Begin at the line below that holds "ليبيا.. استبعاد مرشحين" and end at the line that holds "A Dangerous Doomsday Cult", transcribing each line exactly and skipping any picture.

• [Records]
● ● ● ●

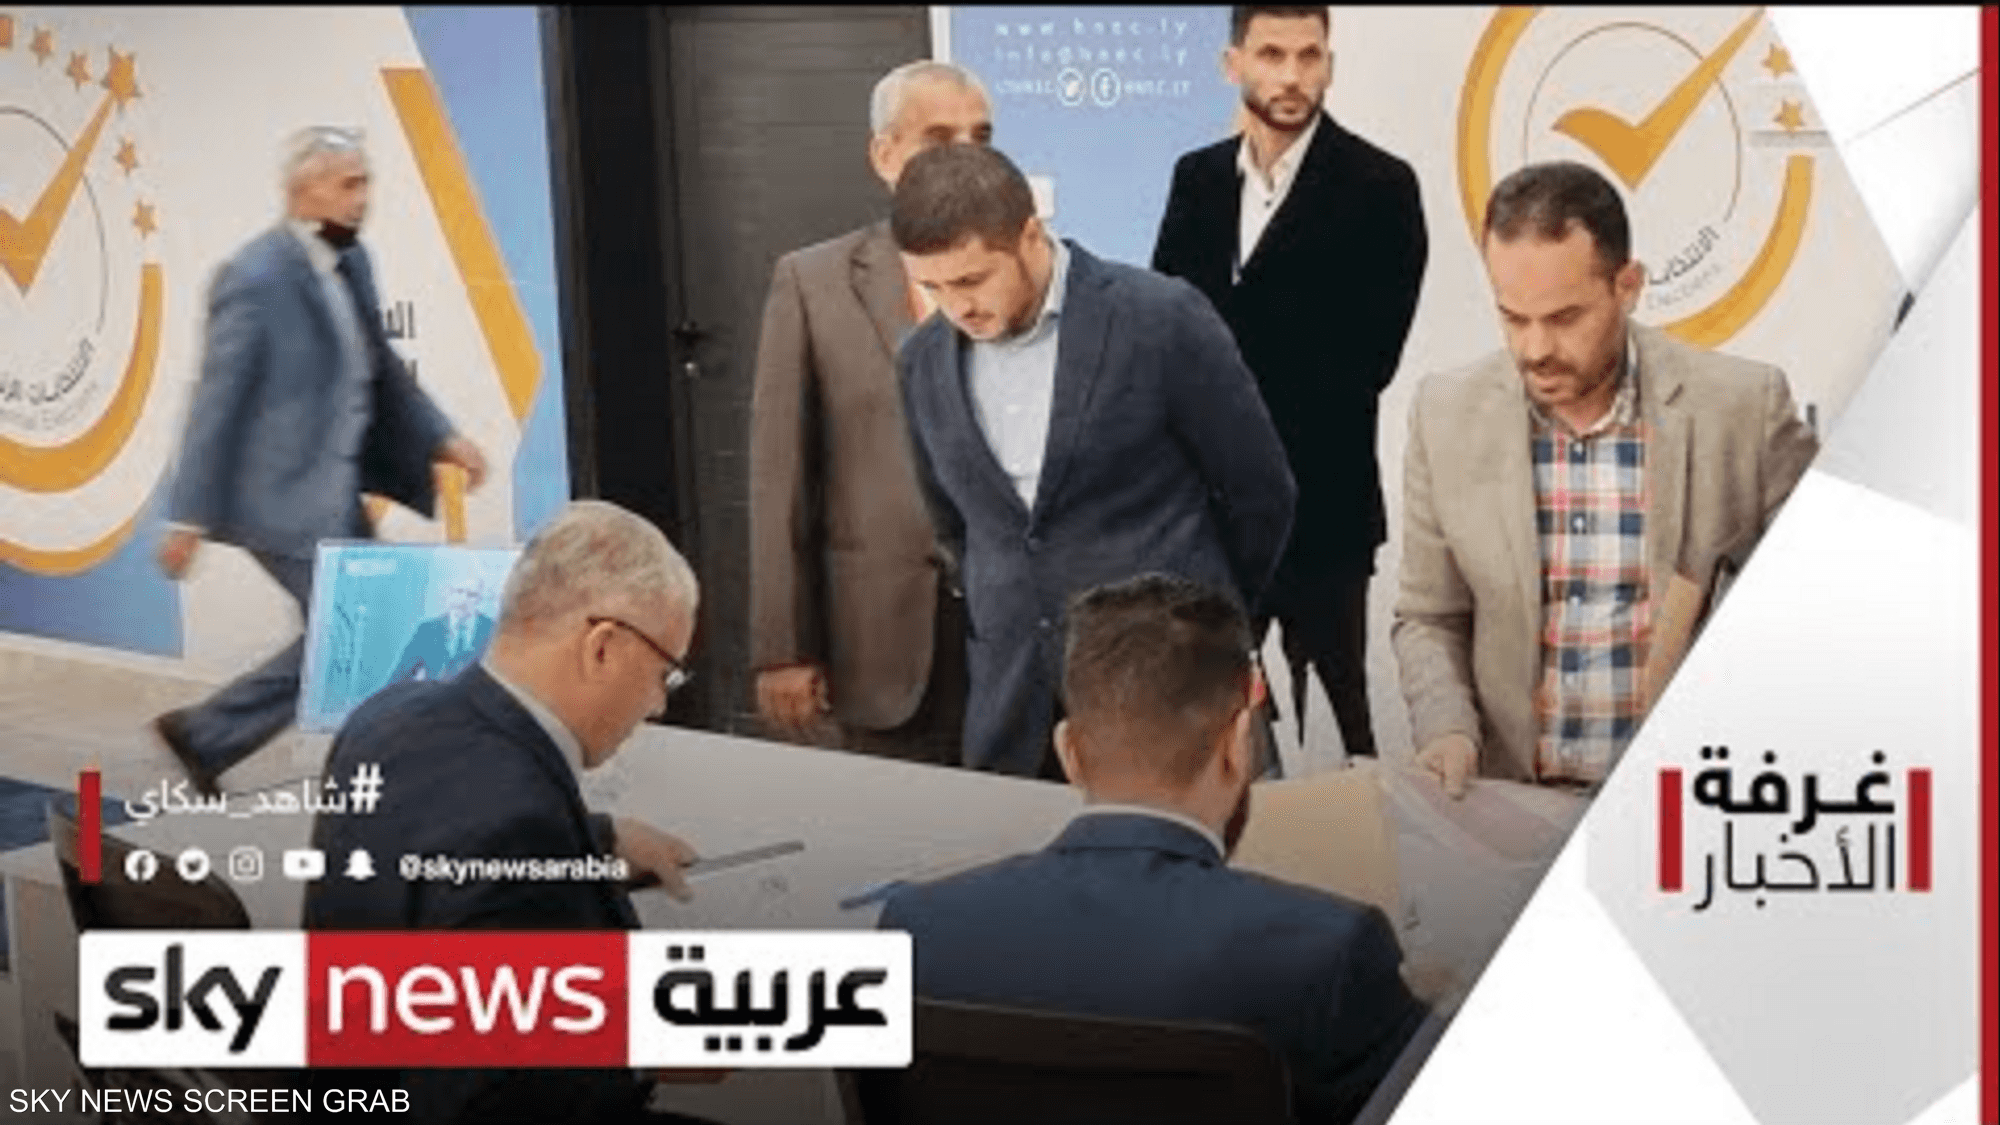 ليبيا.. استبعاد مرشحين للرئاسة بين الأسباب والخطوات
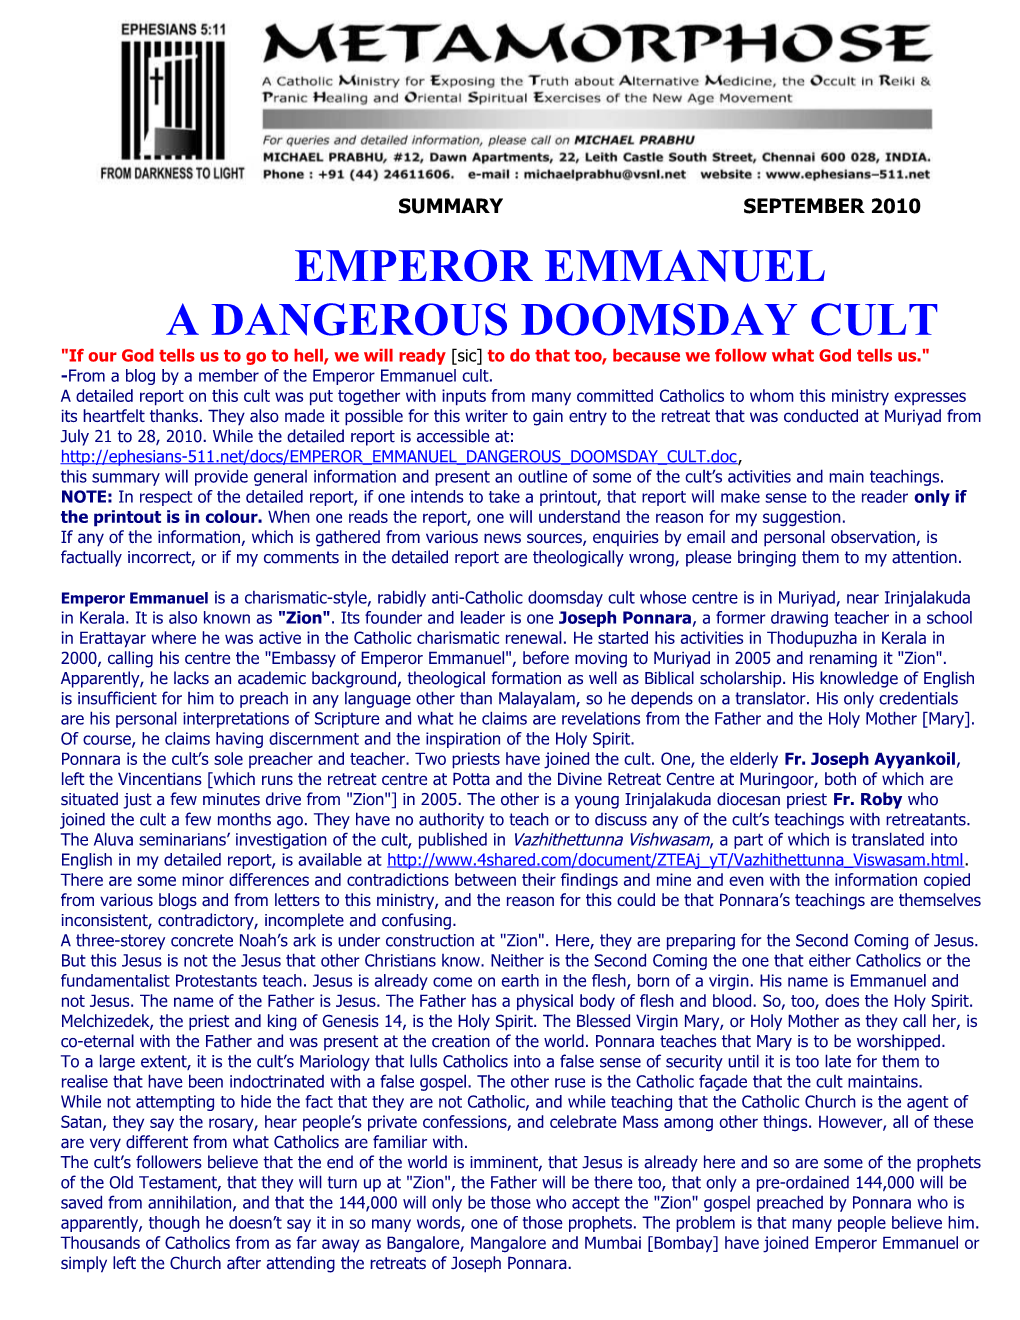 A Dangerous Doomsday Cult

● ● ● ●

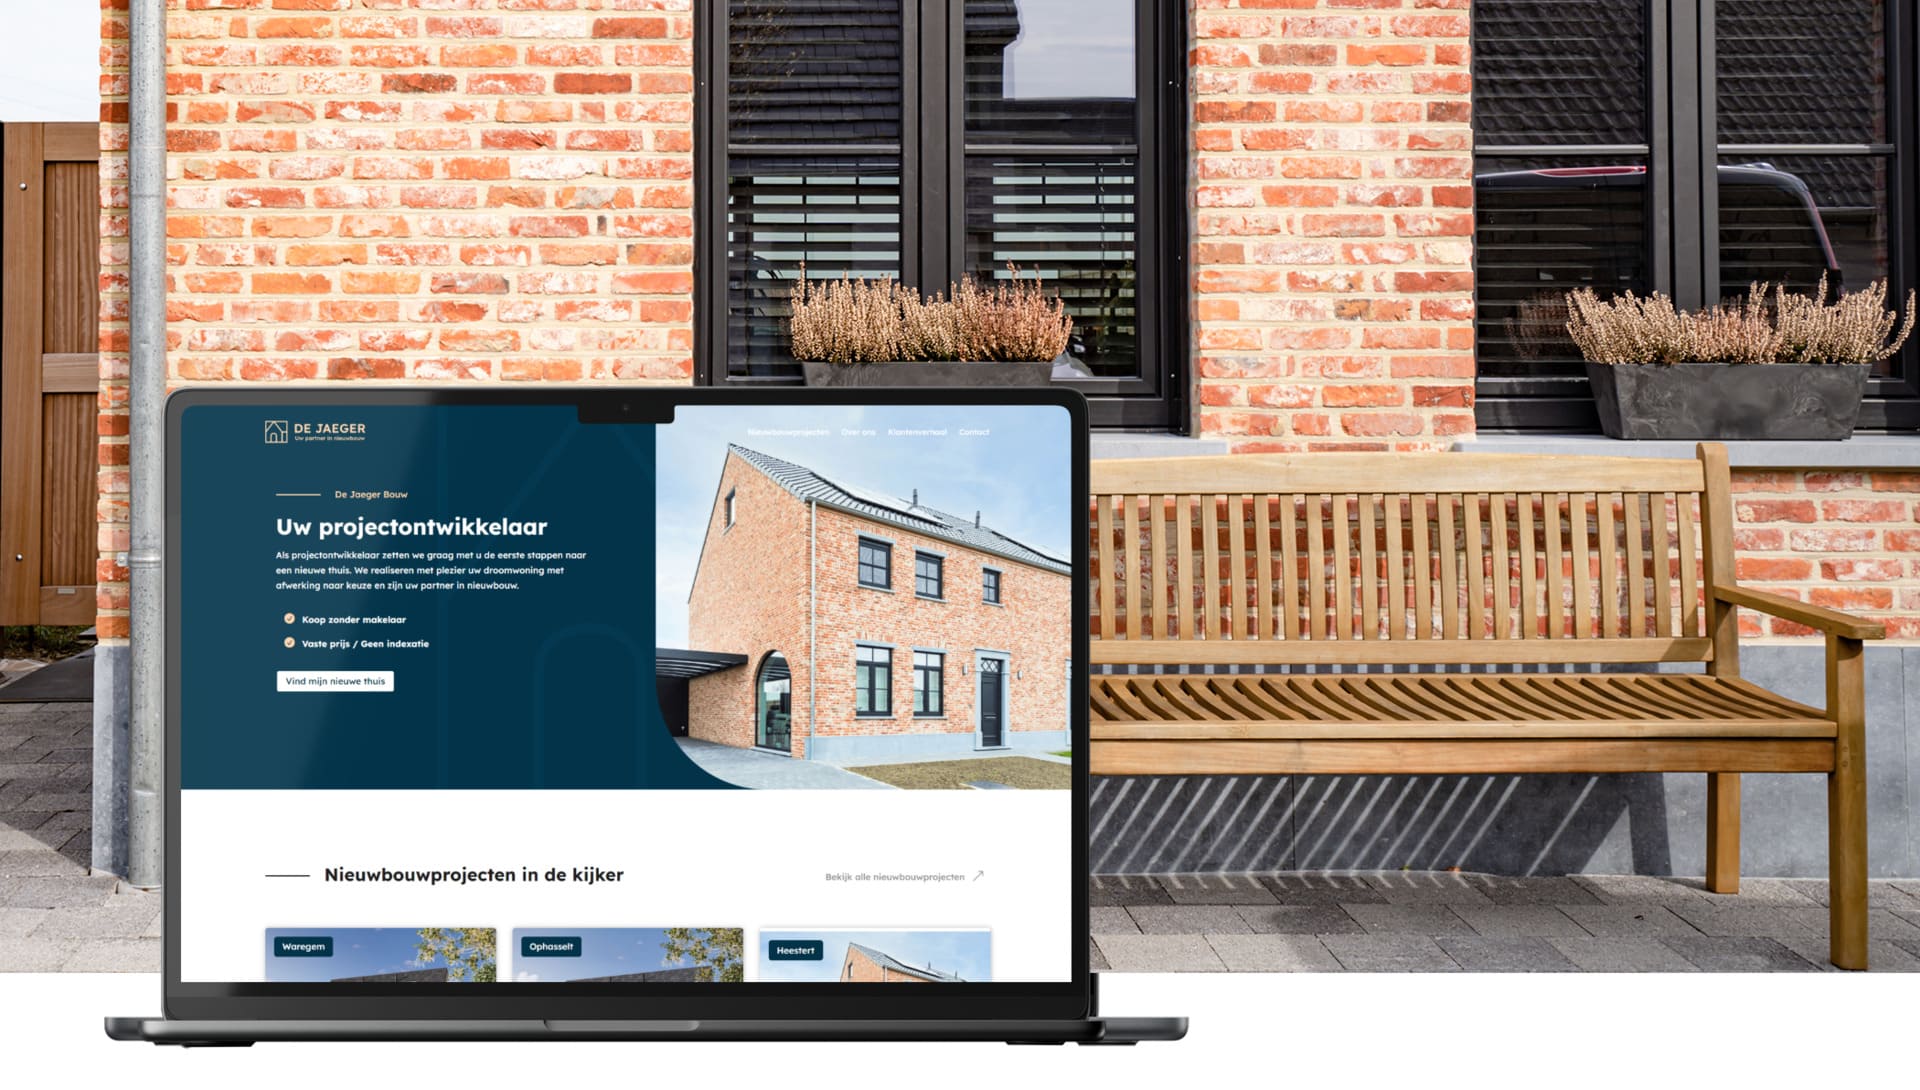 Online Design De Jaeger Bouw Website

● ● ● ●

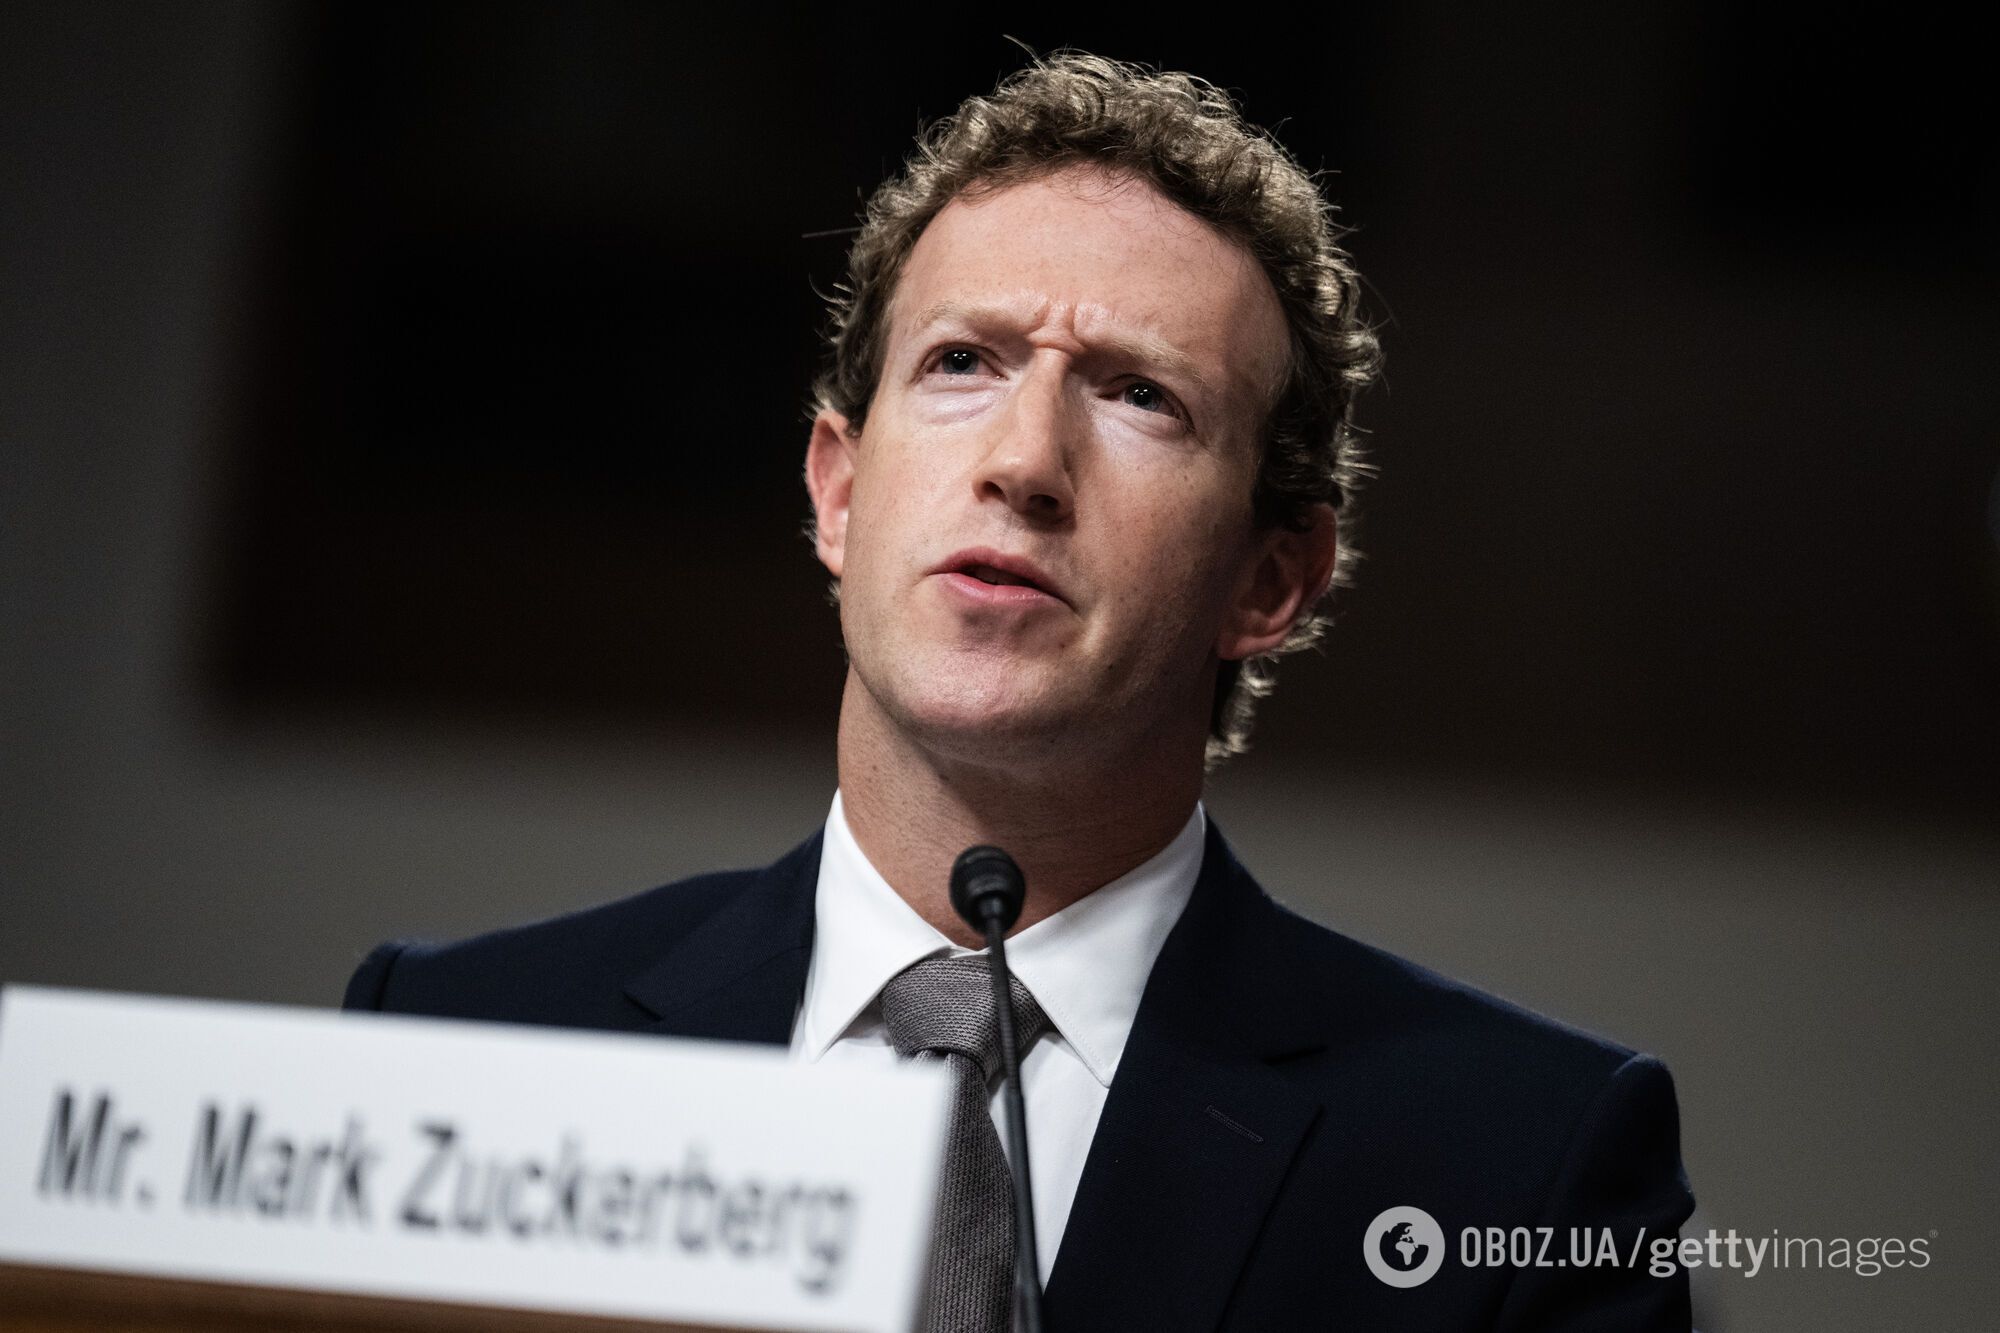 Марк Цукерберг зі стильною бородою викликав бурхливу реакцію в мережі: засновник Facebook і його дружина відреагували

● ● ● ●

• [Solution]
 ليبيا.. استبعاد مرشحين للرئاسة بين الأسباب والخطوات
 A Dangerous Doomsday Cult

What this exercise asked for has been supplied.